Provided data:
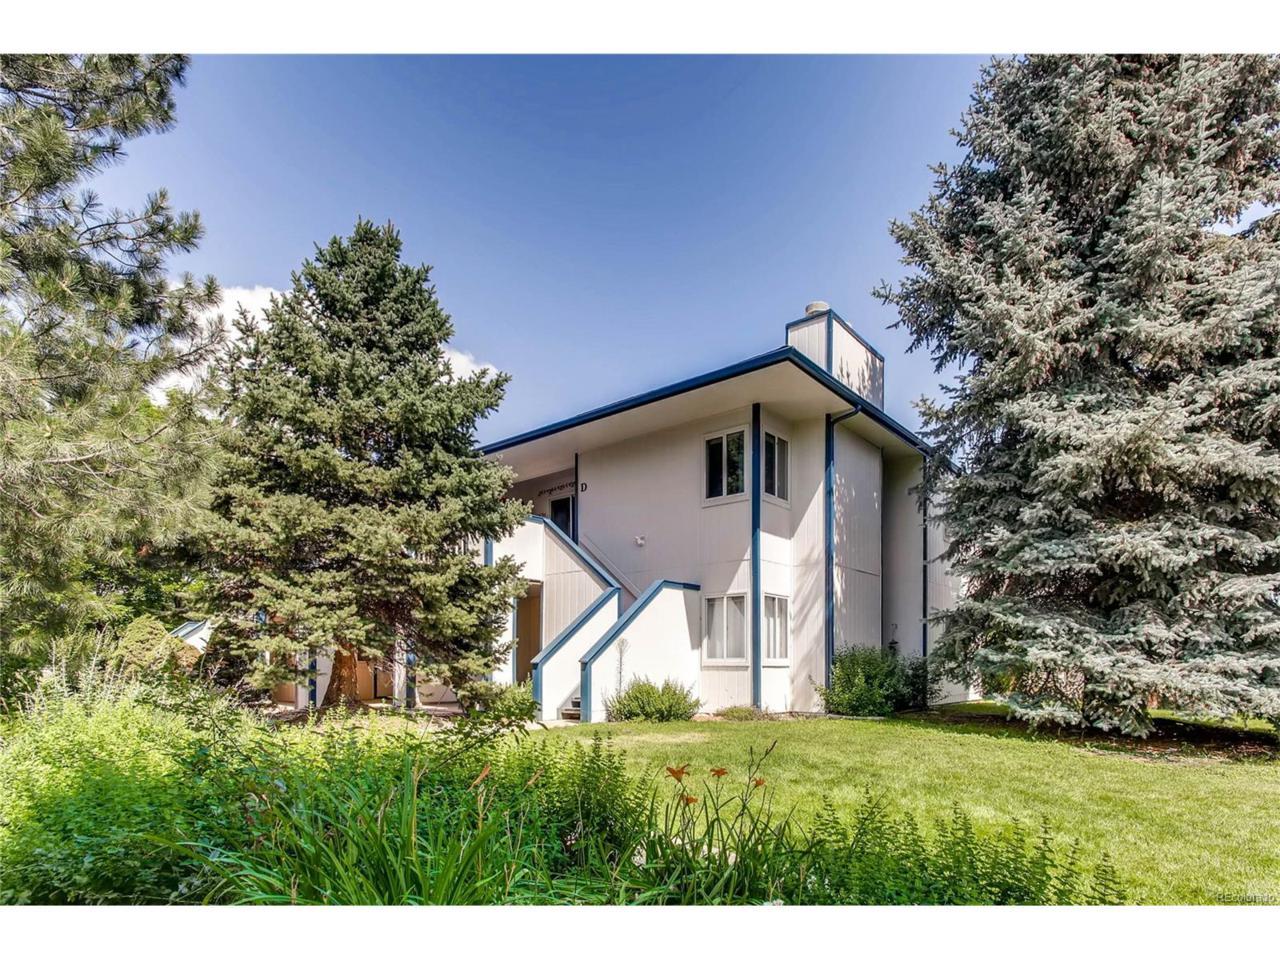 1057 Delta Drive A, Lafayette, CO 80026 (MLS #6685135) :: 8z Real Estate
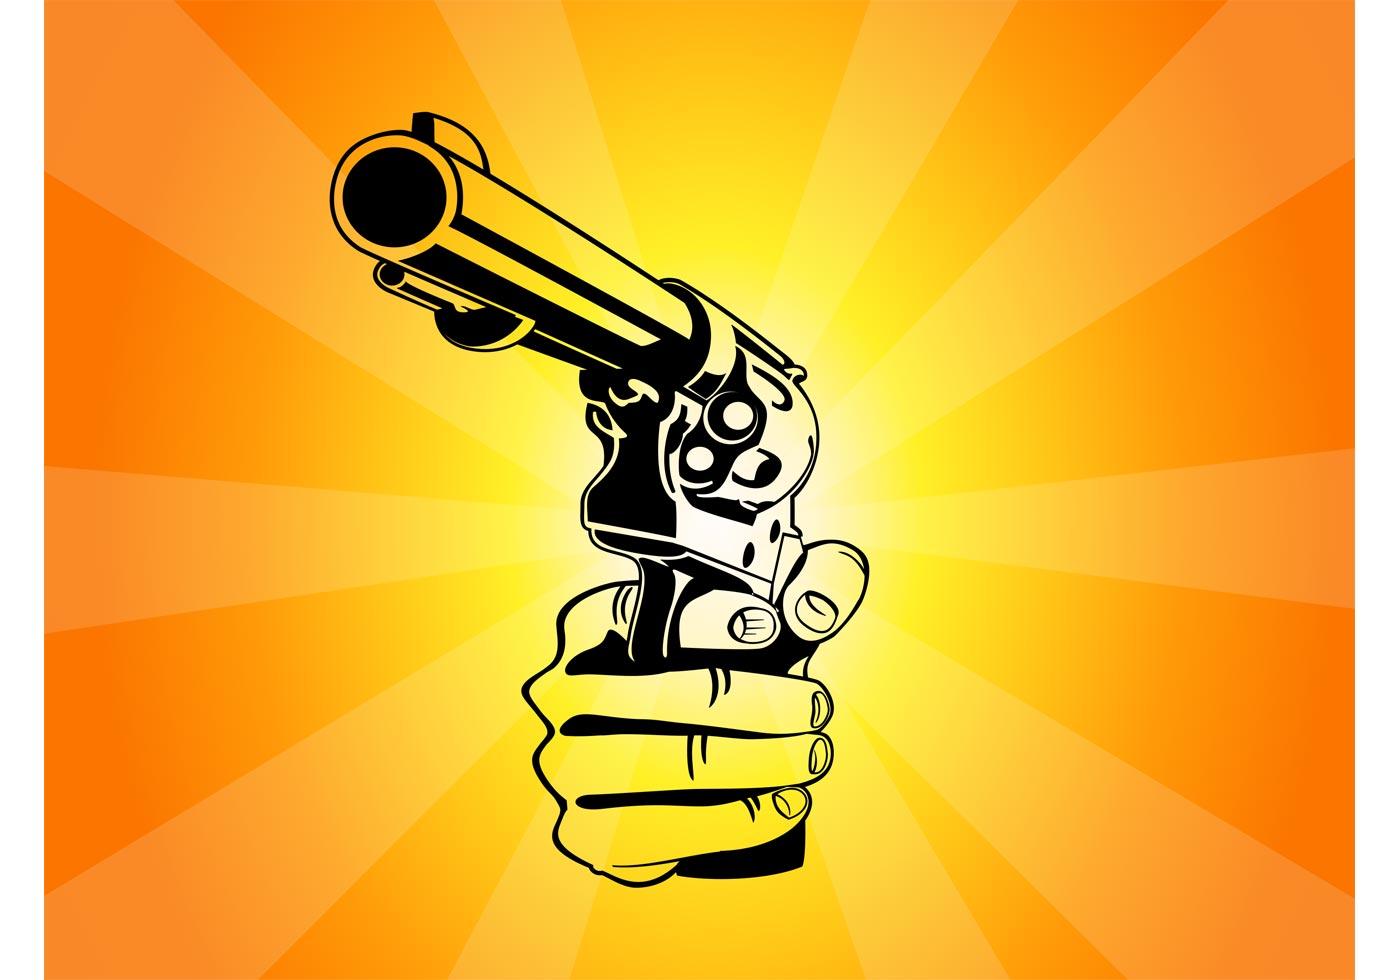 Pointing Gun Vector - Download Free Vector Art, Stock ...
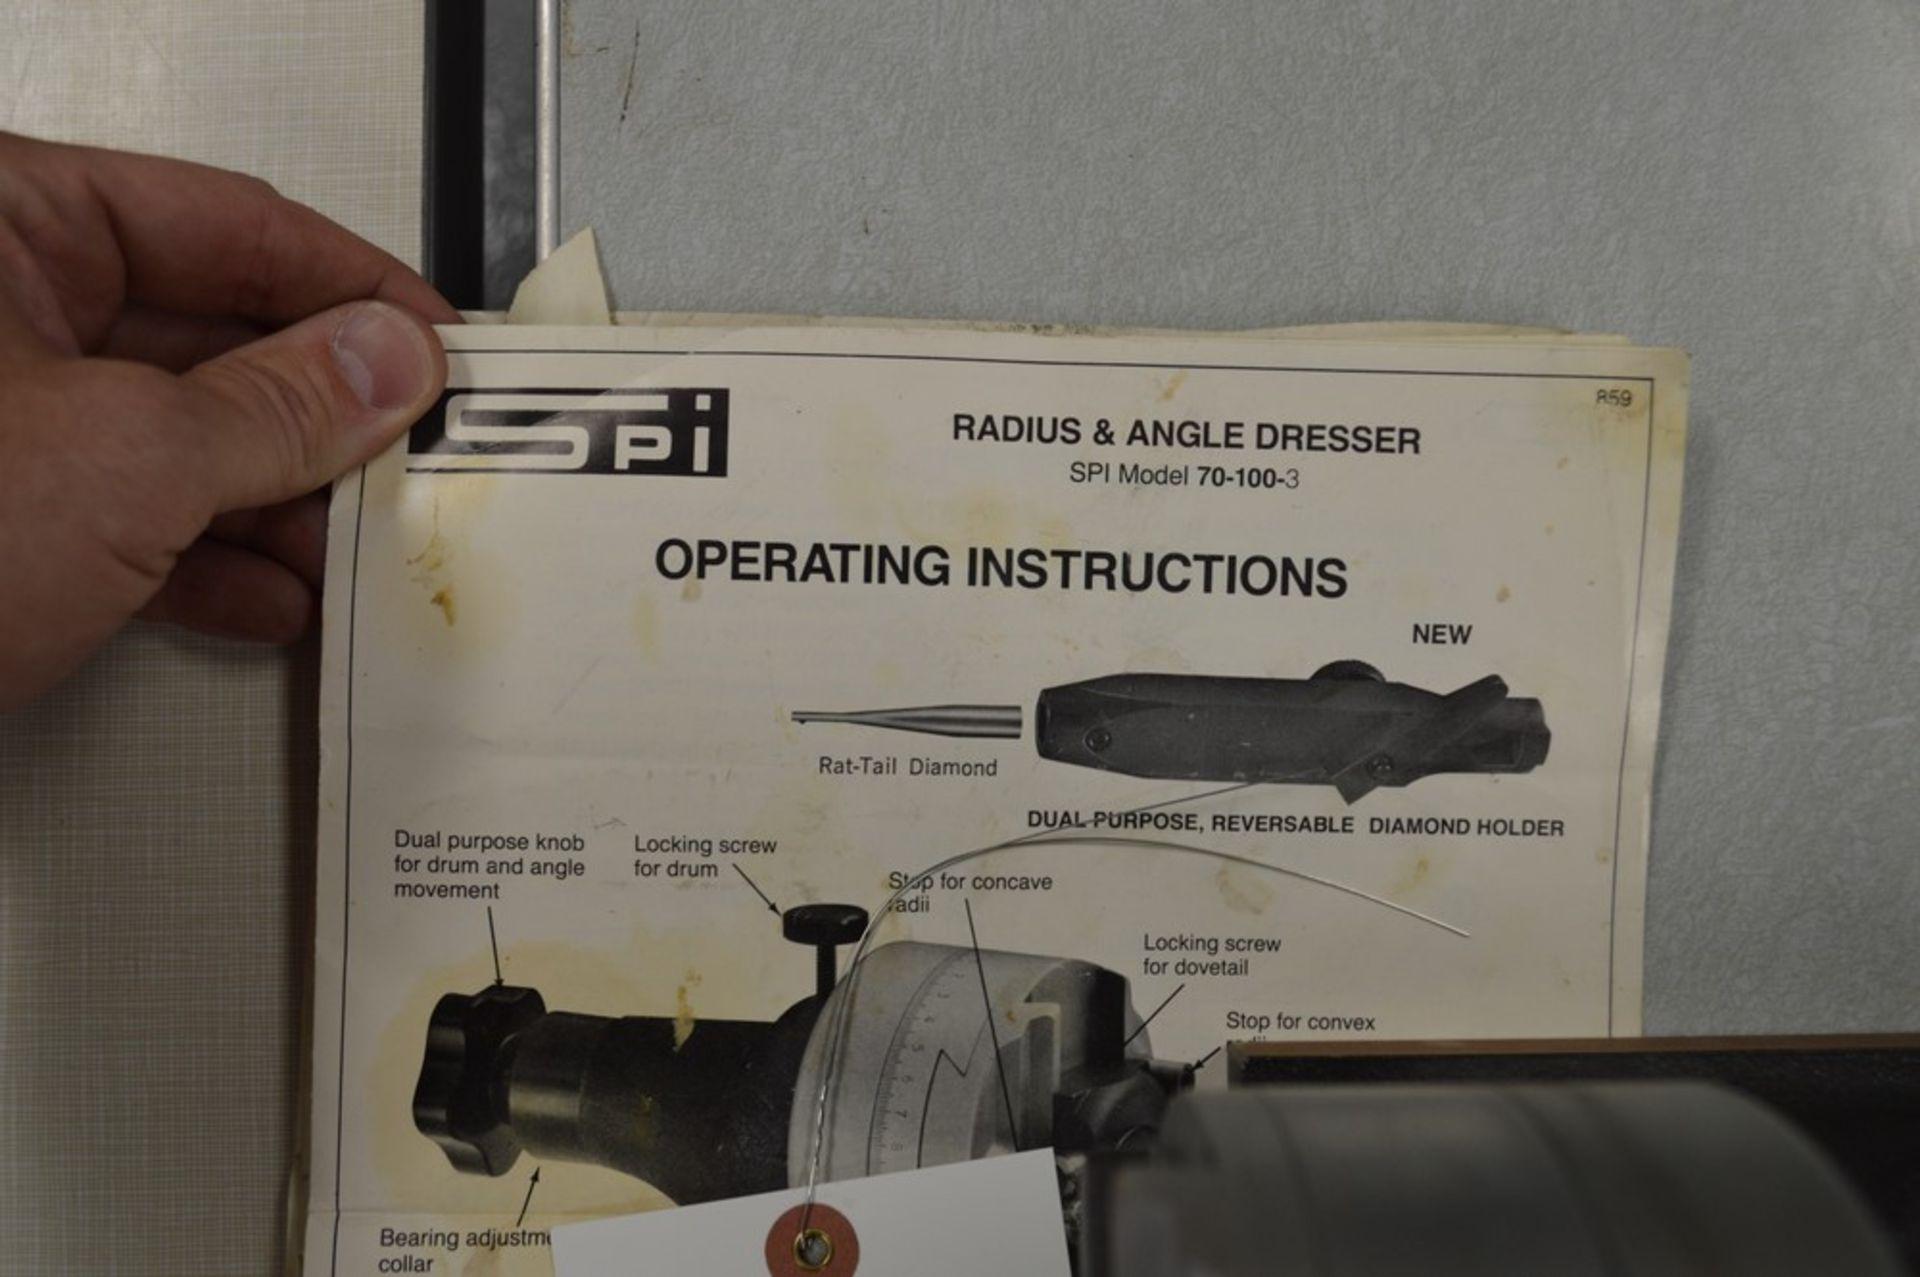 SPI Grinding Wheel Radius and Angle dresser - Image 3 of 3
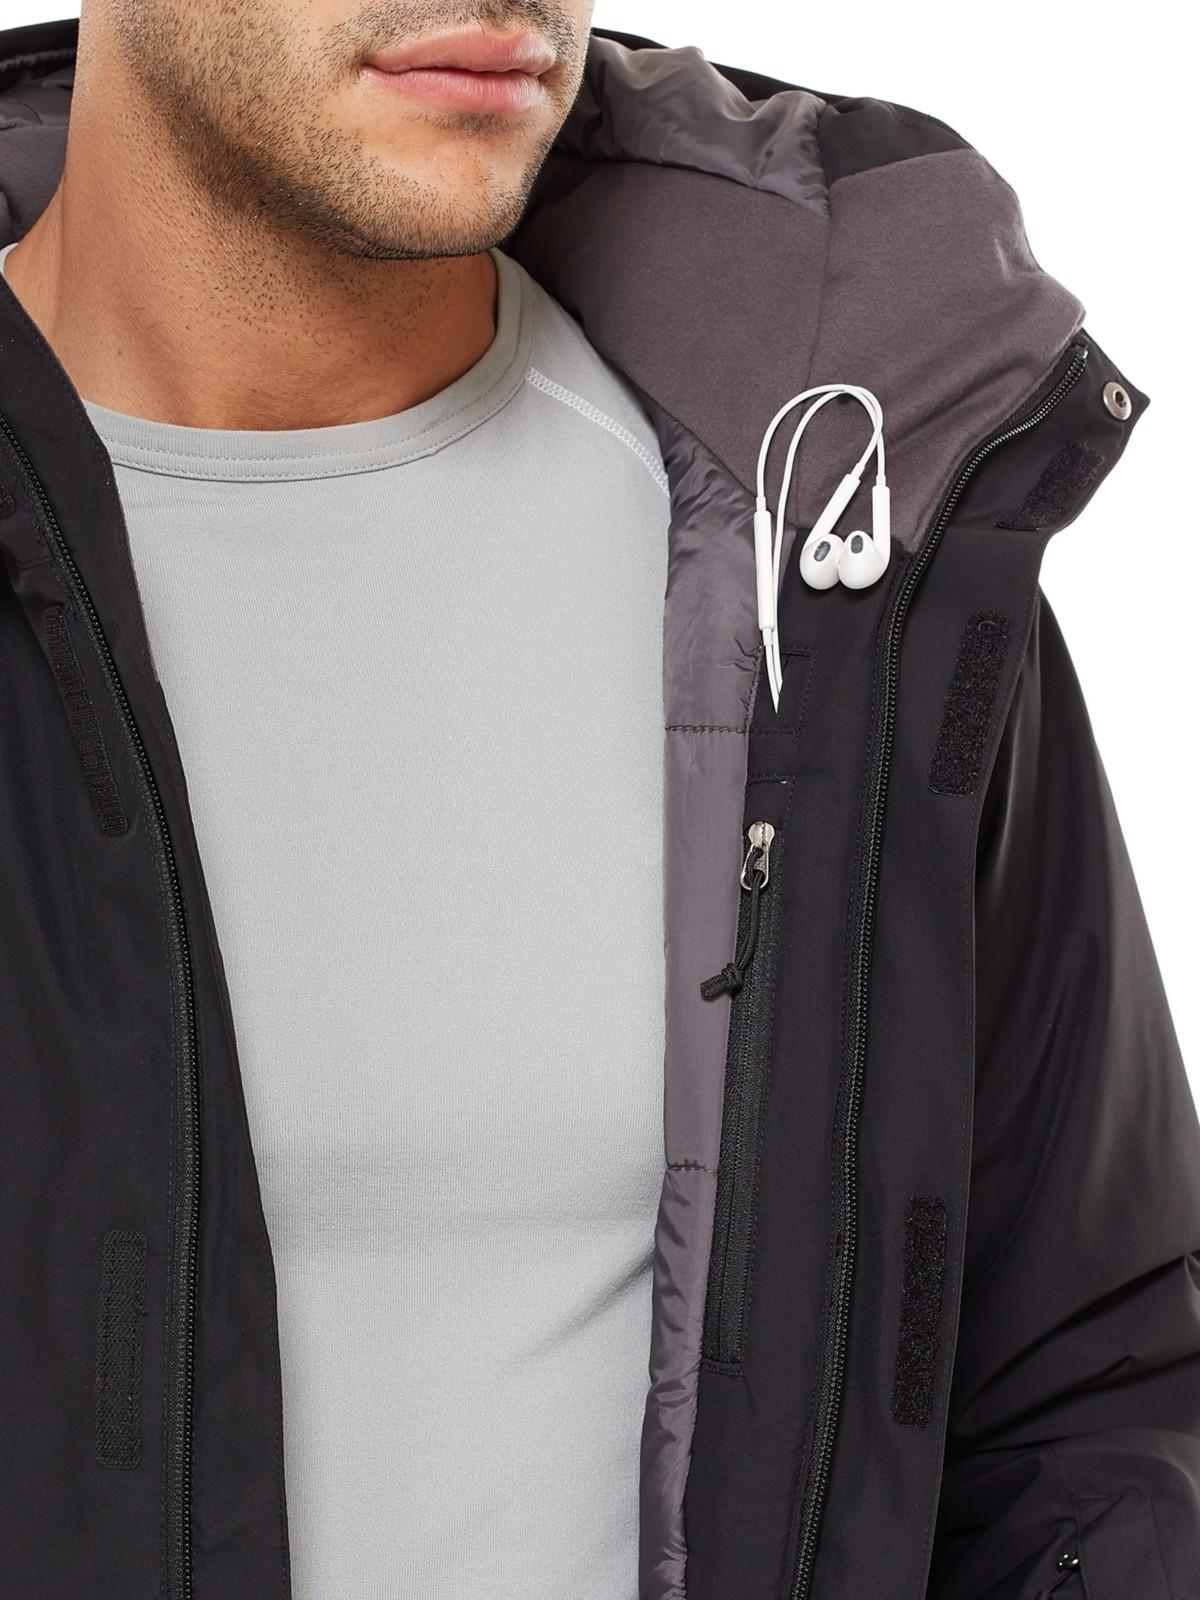 The North Face Synthetic Descendit Waterproof Men's Jacket in Black for Men

The task: In the printed copy, the material above must appear unchanged and without its pictures.

Exercise answer:
 1057 Delta Drive A, Lafayette, CO 80026 (MLS #6685135) :: 8z Real Estate
 Pointing Gun Vector - Download Free Vector Art, Stock ...
 SPI Grinding Wheel Radius and Angle dresser - Image 3 of 3
 The North Face Synthetic Descendit Waterproof Men's Jacket in Black for Men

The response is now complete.